Replication Data for: A panorama of inchoative constructions in Spanish: Cluster analysis as an answer to the near-synonymy puzzle.

Dataset

DOI

The dataset contains the data for the hierarchical cluster analysis as explained in the article "A panorama of inchoative constructions in Spanish: Cluster analysis as an answer to the near-synonymy puzzle". In total, the dataset contains 3955 observations, which are tokens of the inchoative construction for the following auxiliaries: comenzar, empezar, meter, poner, echar(se), liar, arrancar and romper. The data originates from the the Spanish Web corpus (esTenTen18), accessed via Sketch Engine. Only the European Spanish subcorpus was selected. The search syntax that was used to detect the inchoative construction was the following: “[lemma="empezar"] [tag="R."]{0,3}"a"[tag="V."] within " (replacing the concrete lemma "empezar" by other lemma's for each auxiliary, see Spinc_queries_20221202.txt for all concrete corpus queries). After downloading samples of 10.000 tokens per auxiliary, the samples were manually cleaned. Only 500 tokens per auxiliary were retained in the dataset. Next, the data were annotated for the infinitive observed after the preposition 'a' and for the semantic class to which this infinitive belongs, following the existing ADESSE classification (see below), besides other criteria that are not taken into account for this study.
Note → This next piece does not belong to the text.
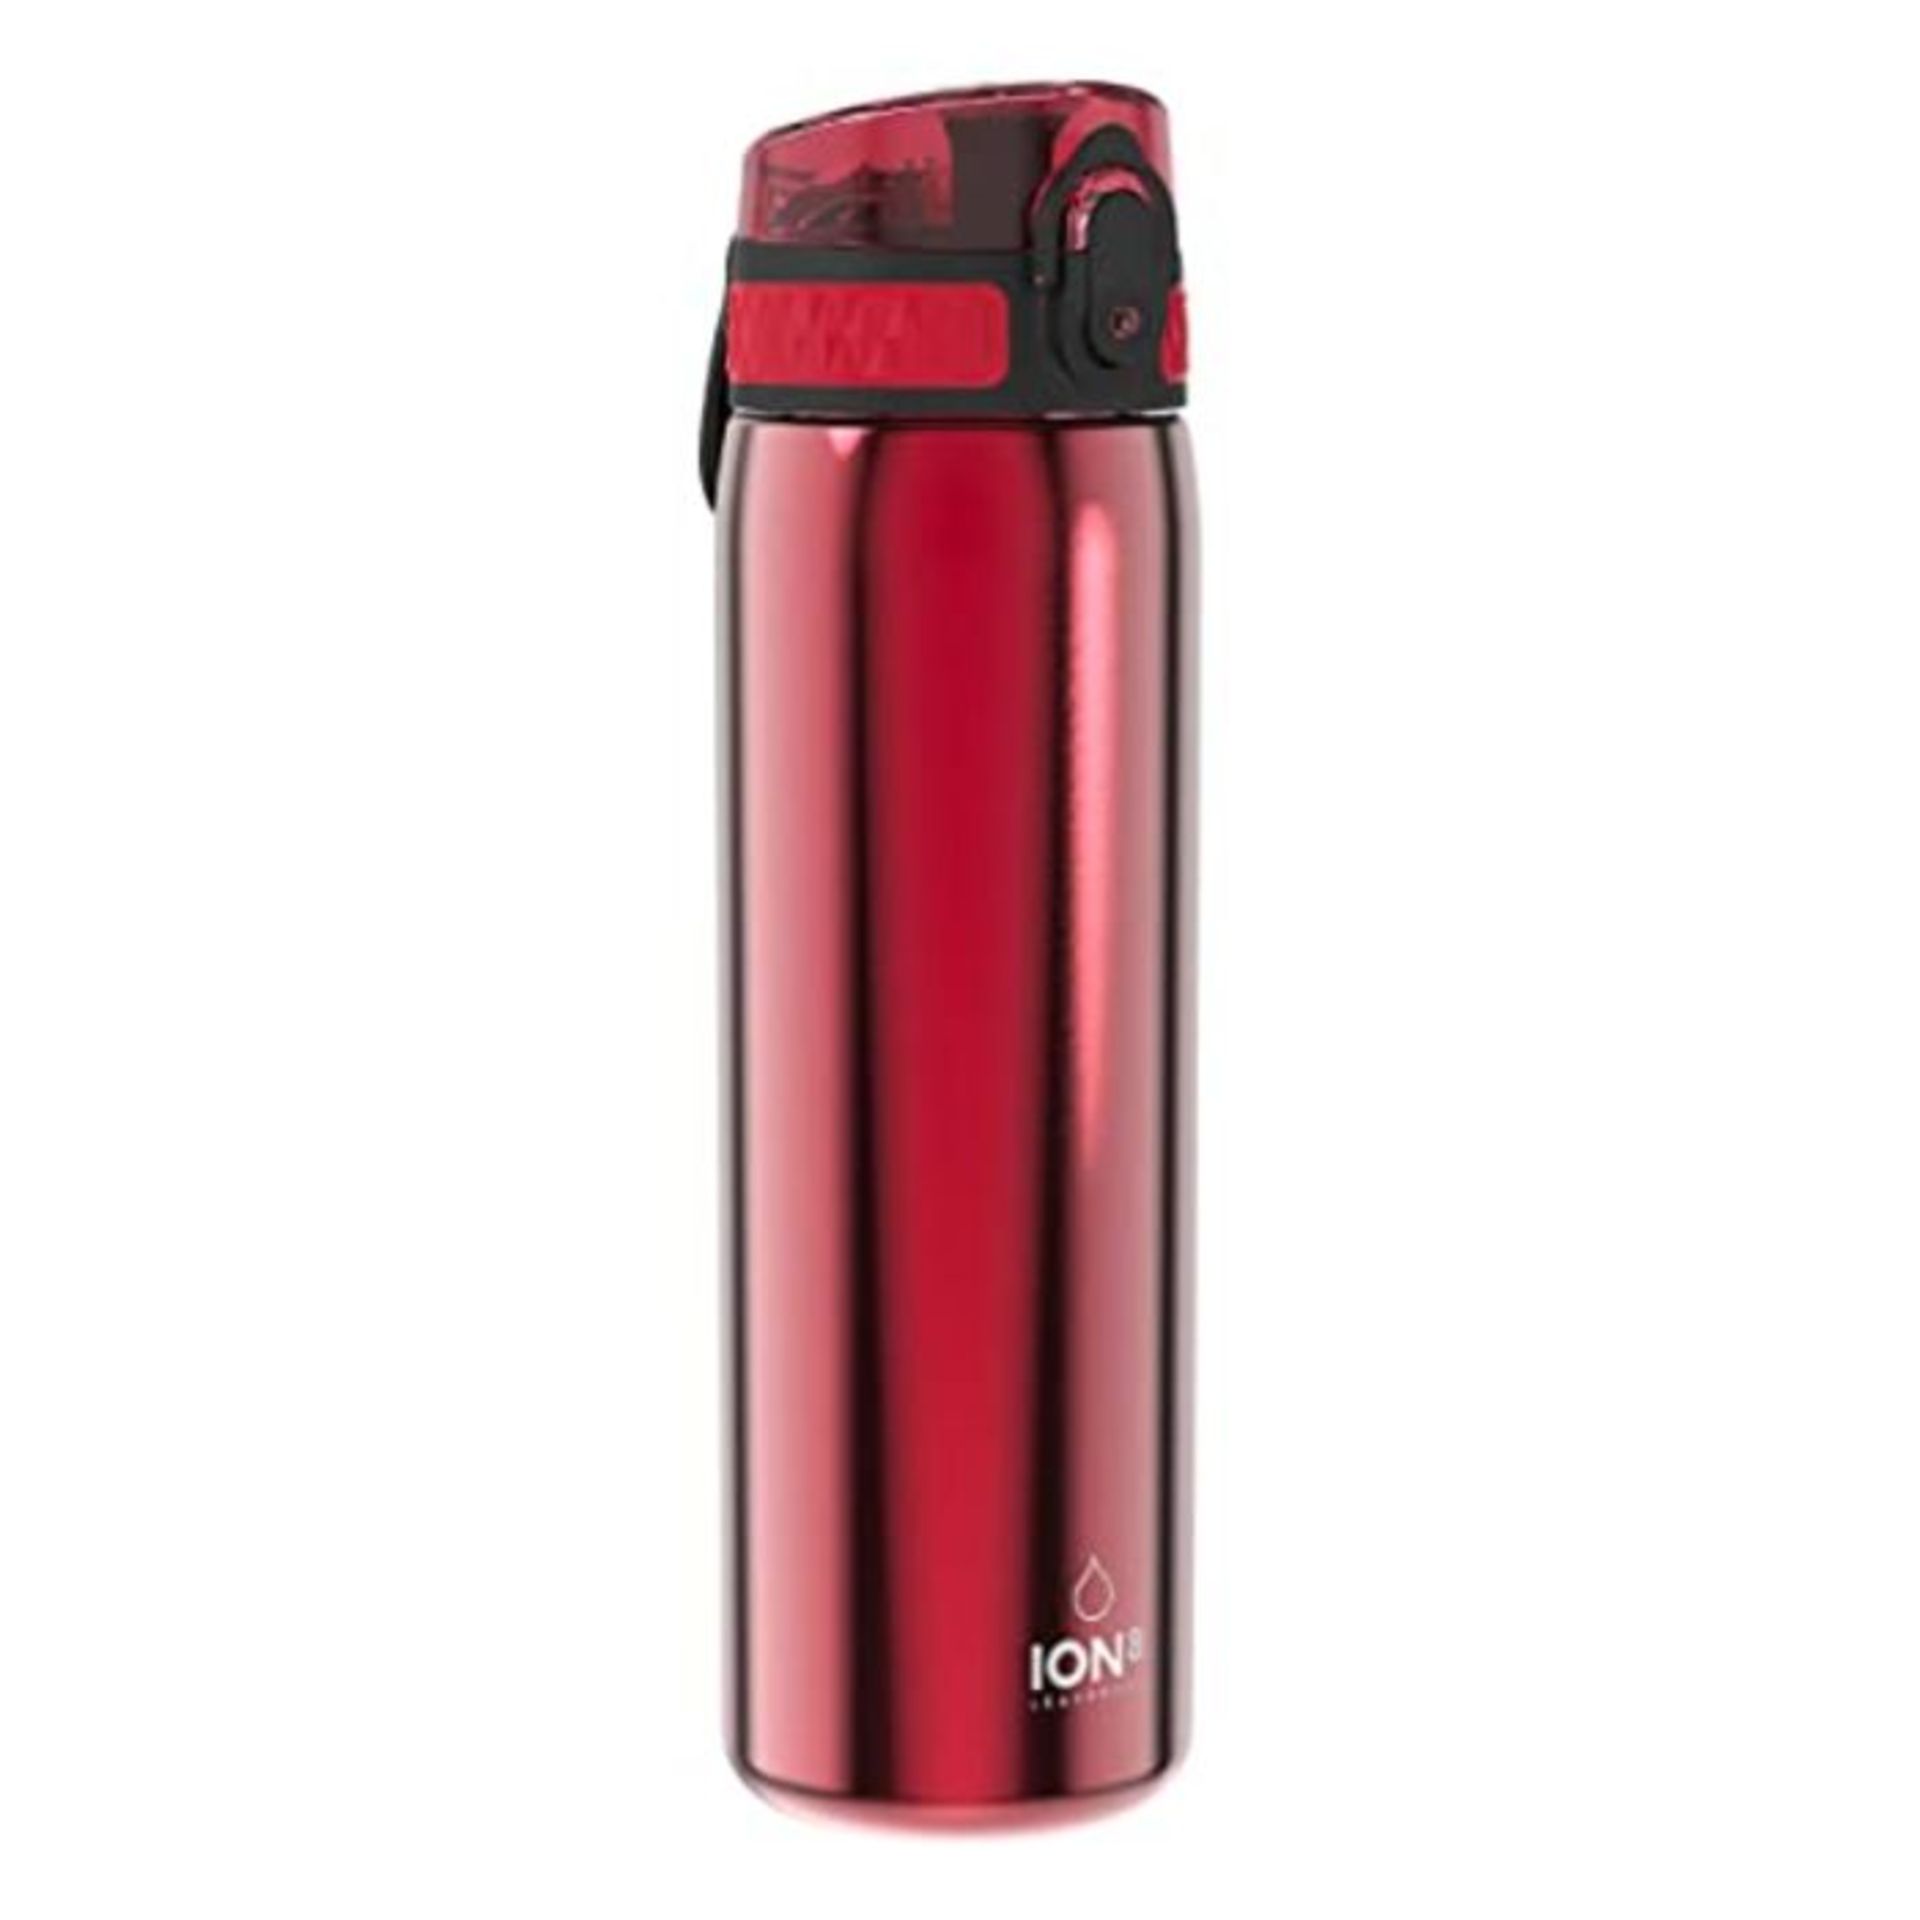 Ion8 Leak Proof Slim Water Bottle, Stainless Steel, 600ml (20oz), Red

Concretely, the variables 'INF' (infinitive) and 'Class' were used as input for the hierarchical cluster analysis (see data-specific sections below for more information about the variables).

Identifier
DOI	https://doi.org/10.18710/DR8QKQ
Related Identifier	https://doi.org/10.21825/kzm.87036
Metadata Access	https://dataverse.no/oai?verb=GetRecord&metadataPrefix=oai_datacite&identifier=doi:10.18710/DR8QKQ

Provenance
Creator	Van Hulle, Sven
Publisher	DataverseNO
Contributor	Van Hulle, Sven; Ghent University; The Tromsø Repository of Language and Linguistics
Publication Year	2023
Rights	CC0 1.0; info:eu-repo/semantics/openAccess; http://creativecommons.org/publicdomain/zero/1.0
OpenAccess	true
Contact	Van Hulle, Sven (Ghent University)

Representation
Resource Type	corpus data; Dataset
Format	text/plain; text/csv; type/x-r-syntax
Size	8147; 80915; 62008; 1260; 2182
Version	1.1
Discipline	Humanities